Veo el abrazo entre mis amigos, unidos como uno. Siento la mano de Inuyasha tan fuerte cerrando la mía, tan cerca a pesar de mantener su distancia. Siento el peso de mi futuro hijo en mi interior. Sé que en la aldea mi hija juega con los niños de Sango y Miroku.
No tengo forma de explicarlo, pero no puedo sentirme de esa manera.
Vuelvo a sonreír y una lágrima cae por mi mejilla. Sango me aferra el brazo libre y me mira con los ojos nublados, y recién me doy cuenta de que estaba tan cerca a mí. Paso la vista a Miroku, que me dedica una nostálgica sonrisa. Han crecido, hemos crecido. Le sonrío de vuelta, y Sango me susurra.

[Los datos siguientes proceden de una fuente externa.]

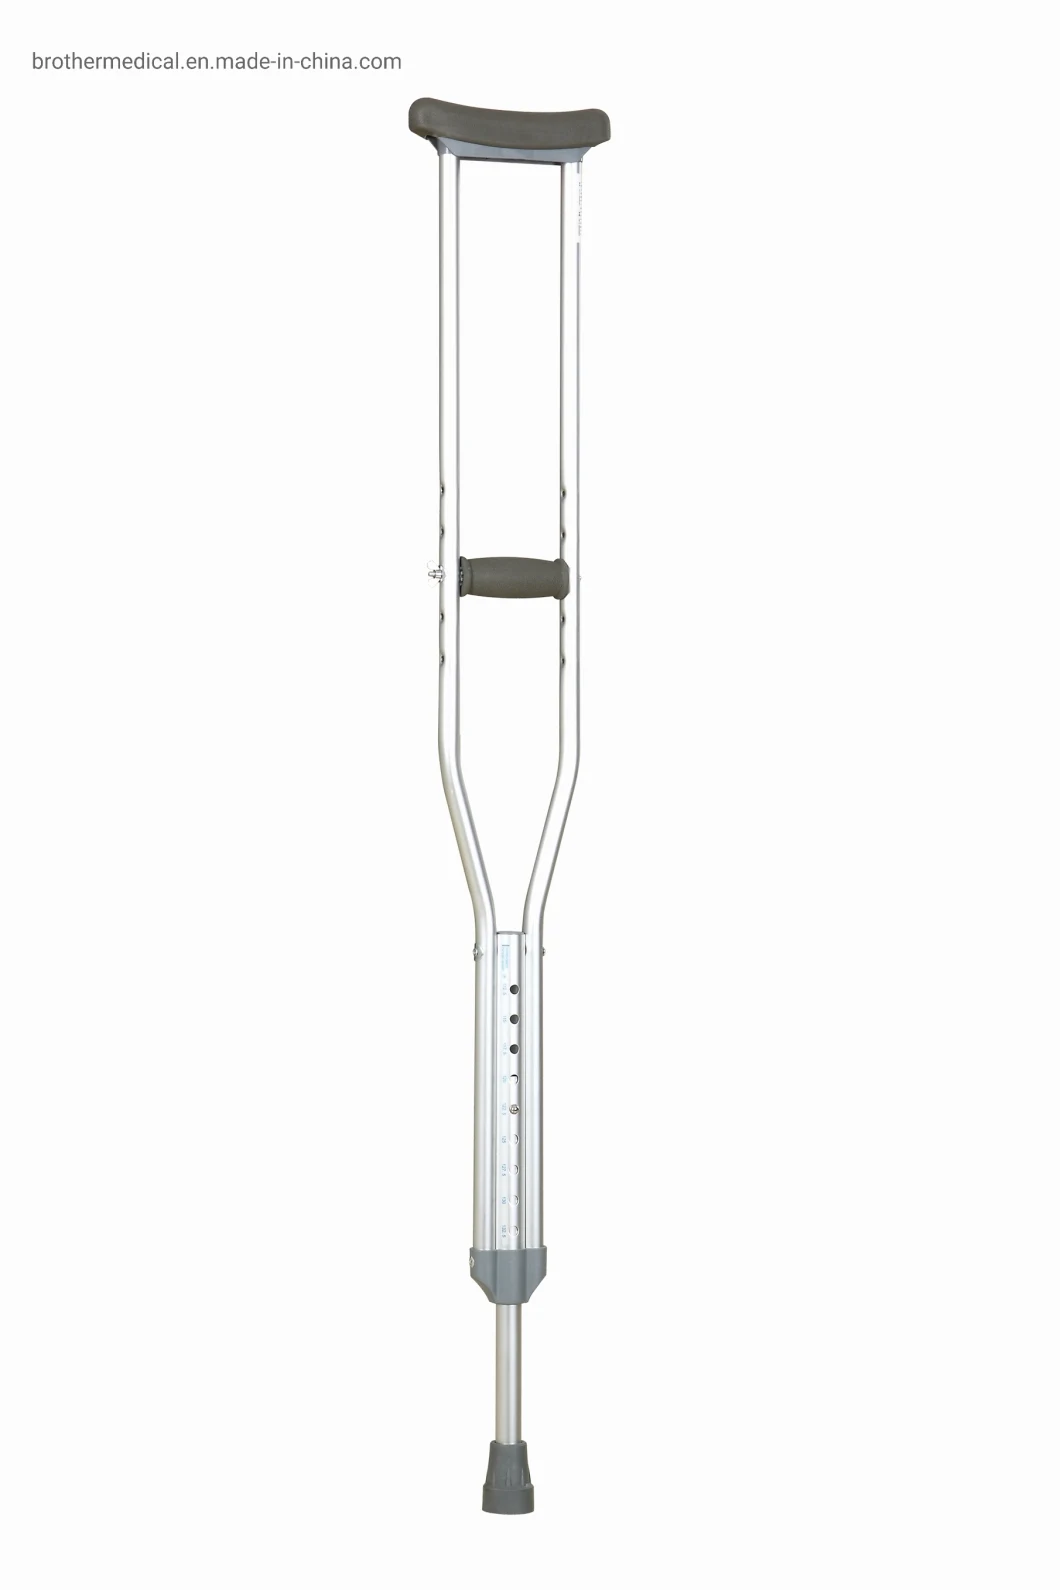 Comfortable Adjustable Aluminum Underarm Crutches Axillary Crutches for Elderly

—Volveremos a la aldea ahora. Vengan a comer a casa, ¿de acuerdo?
—Claro.
Caminan abrazados, alejándose de nosotros.
Cuando vuelvo la vista a Inuyasha, noto que me ha estado observando incluso con cierta ferocidad en sus orbes doradas. Es tanta la intensidad en él, que vuelvo la vista al frente de inmediato.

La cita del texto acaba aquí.